WWW2026

The Power of Penalties: Negativity-Aware Incentives for High-Quality Crowdsourced Data Labeling

Kai Wang, Runze Wu, Yu Xiong, Haifeng Sun, Anran Li, Shaojie Tang, Changjie Fan, Xiang-Yang Li

摘要

High-quality data labeling is essential for training robust machine learning models; however, existing methods often ignore fraud or assume non-negative worker utility, failing to penalize harmful contributions without discouraging participation. To address this, we propose the Negativity-Aware Incentive (NAI) mechanism which introduces two novel components.
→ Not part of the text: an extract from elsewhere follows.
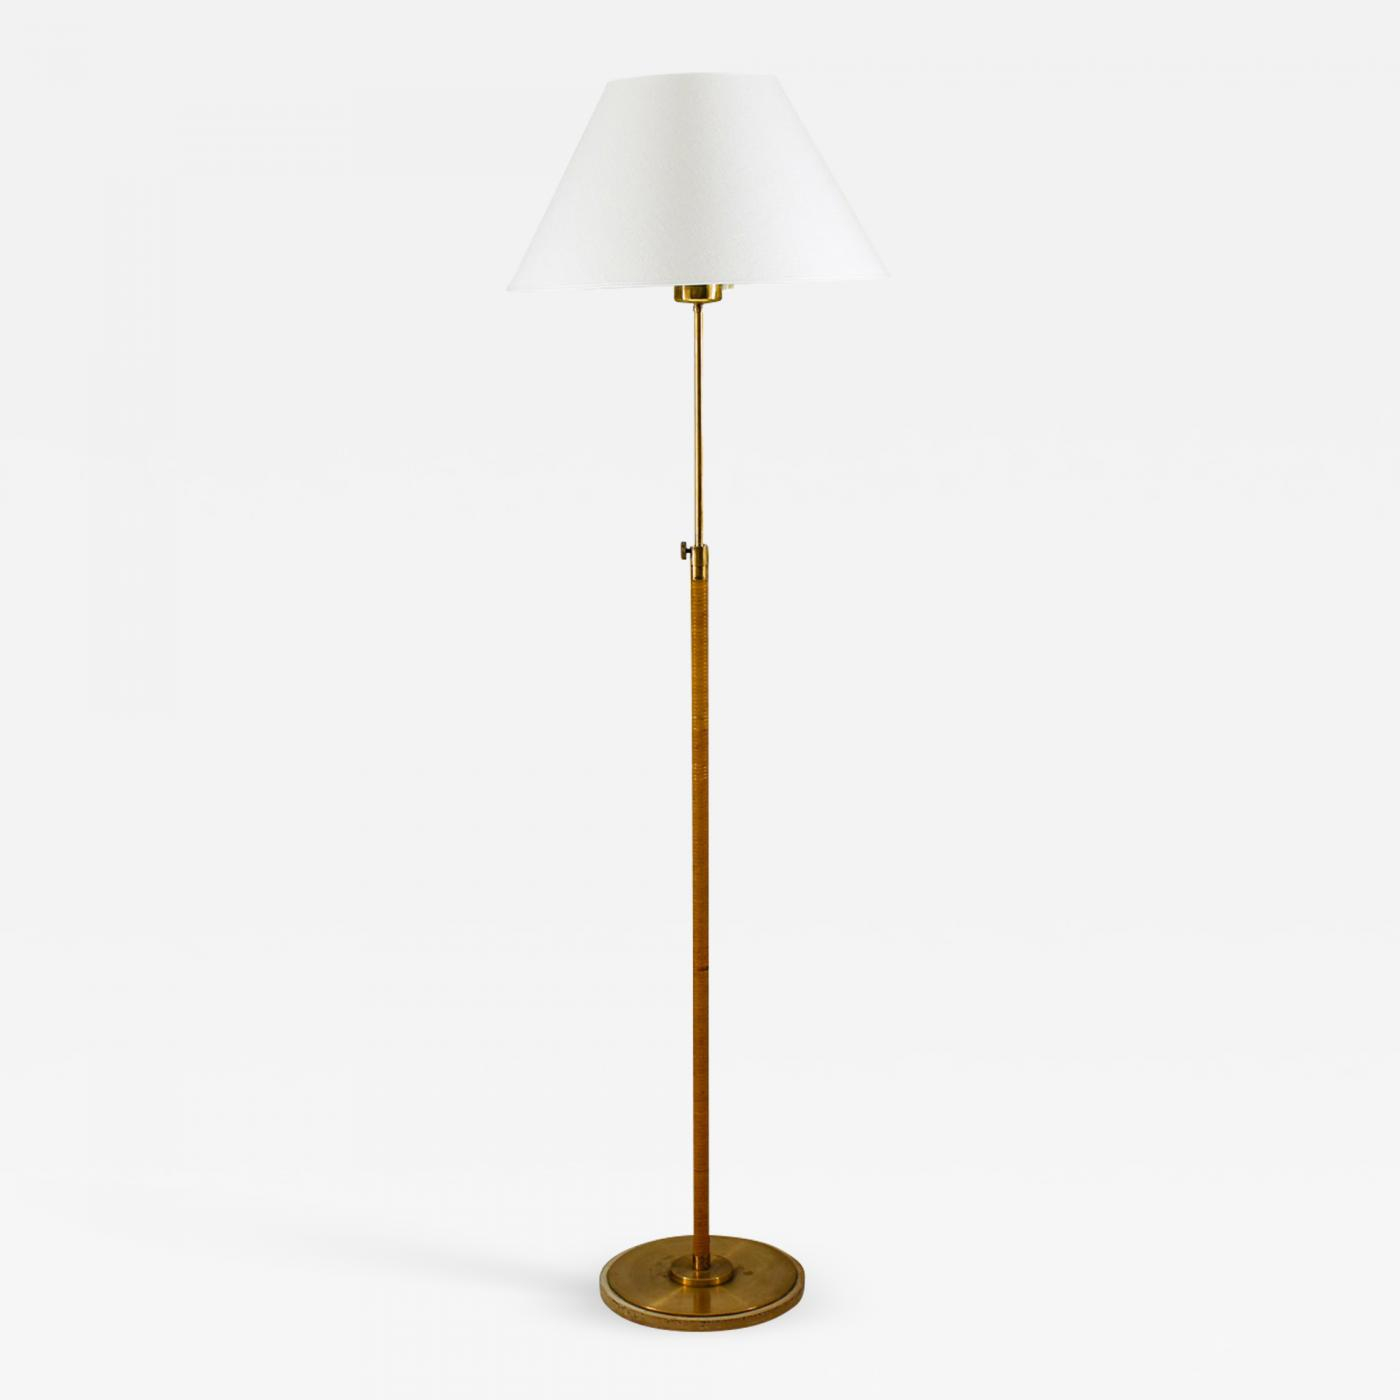 Swedish Modern Midcentury Floor Lamp In Brass And Rattan 1940s within dimensions 1400 X 1400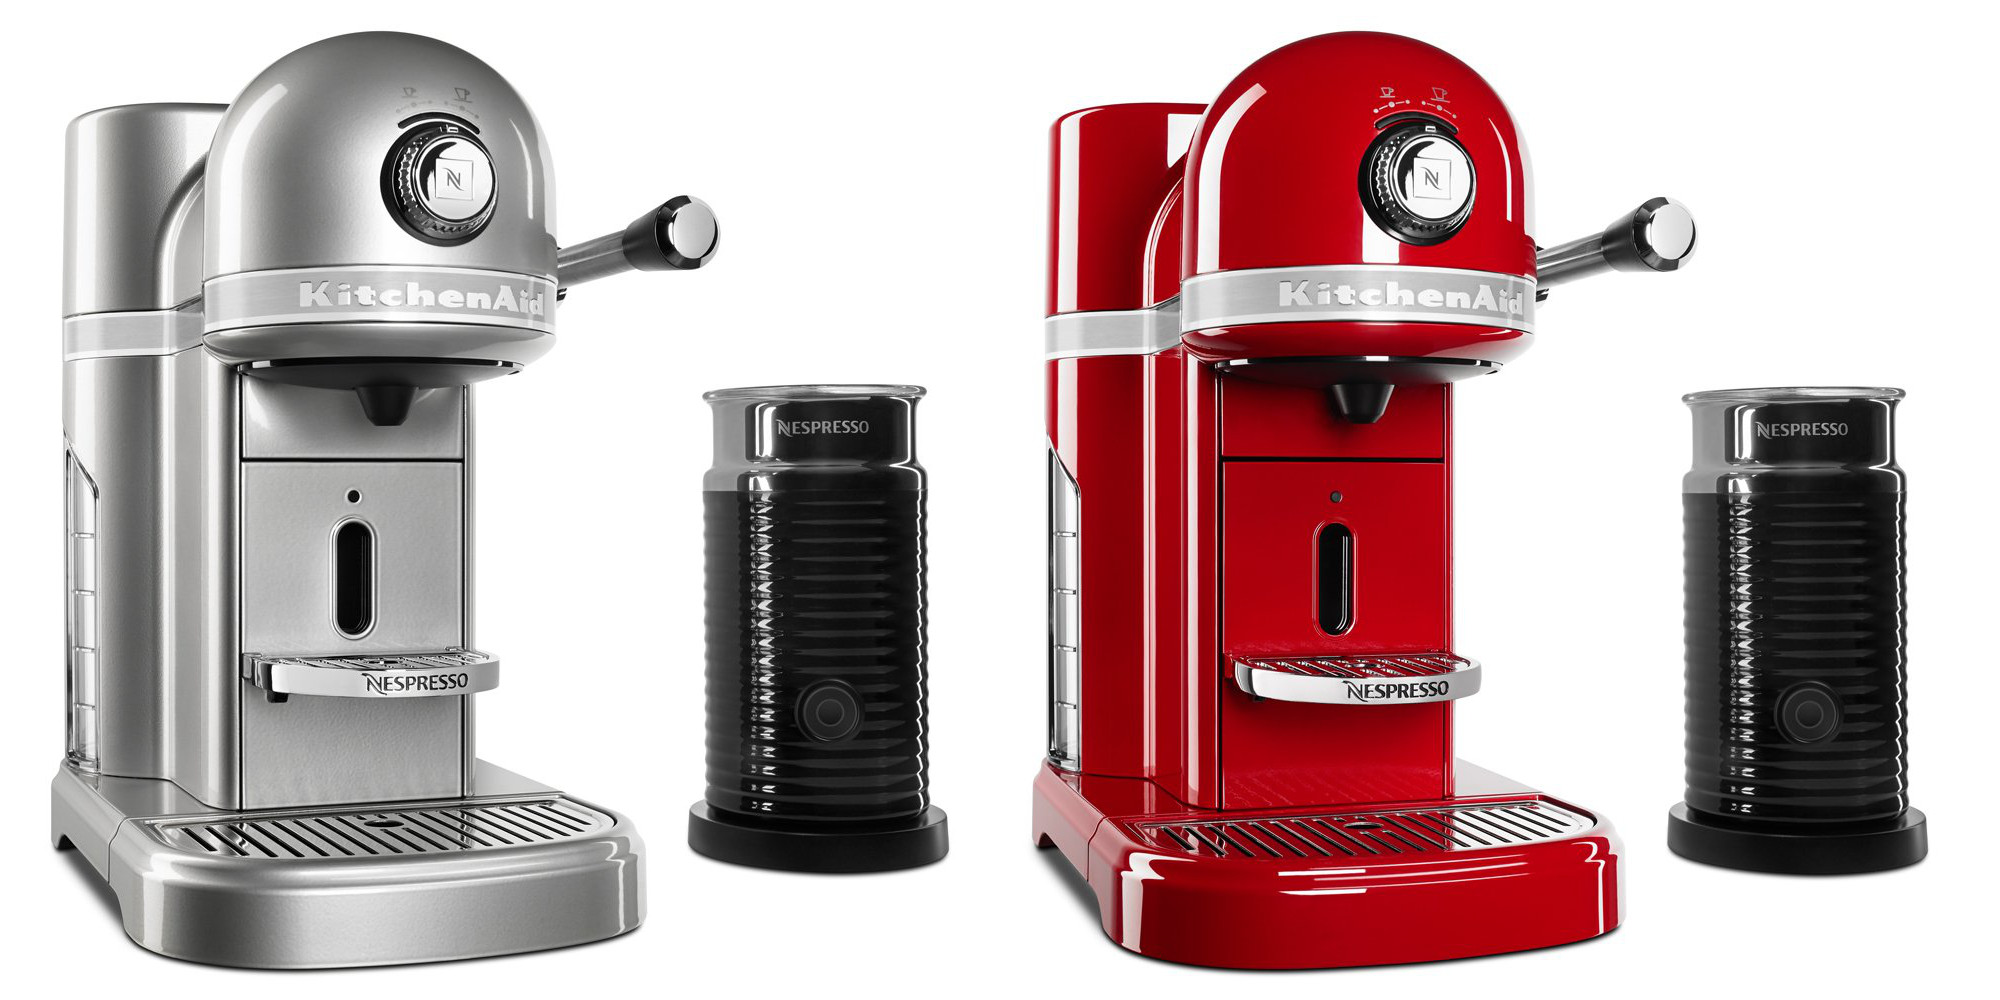 KitchenAid's Nespresso Espresso Maker w/ Milk Frother is more than $130  off: $200 shipped

First, the Ability-Result Characteristic Function (AR-CF) adapts and extends Shapley value theory through signed valuation to explicitly capture both positive and negative contributions, by combining workers' abilities with real-time task results to define contribution values. Second, a dynamic stake pool mechanism employs pre-commitment economics with adaptive dual-control parameters to balance fairness and operational efficiency. Through extensive experiments on multimodal datasets (images, text, audio, video), NAI outperforms state-of-the-art baselines: it improves video labeling accuracy by 16.6%, and reduces fraudulent behaviors by 33.9%. Furthermore, our deployment on the NetEase Youling crowdsourcing platform, serving 430,000 registered workers with 80,000 monthly active workers, validates NAI's real-world viability. Real-time A/B testing shows a 59.6% improvement in labeling quality for beginner tasks and a consistent reduction in fraud rates (14.8%-33.9%) across difficulty levels. This work establishes a paradigm shift in crowdsourcing system design, demonstrating that explicit negative modeling can enhance data quality, optimize costs, and foster participation at scale.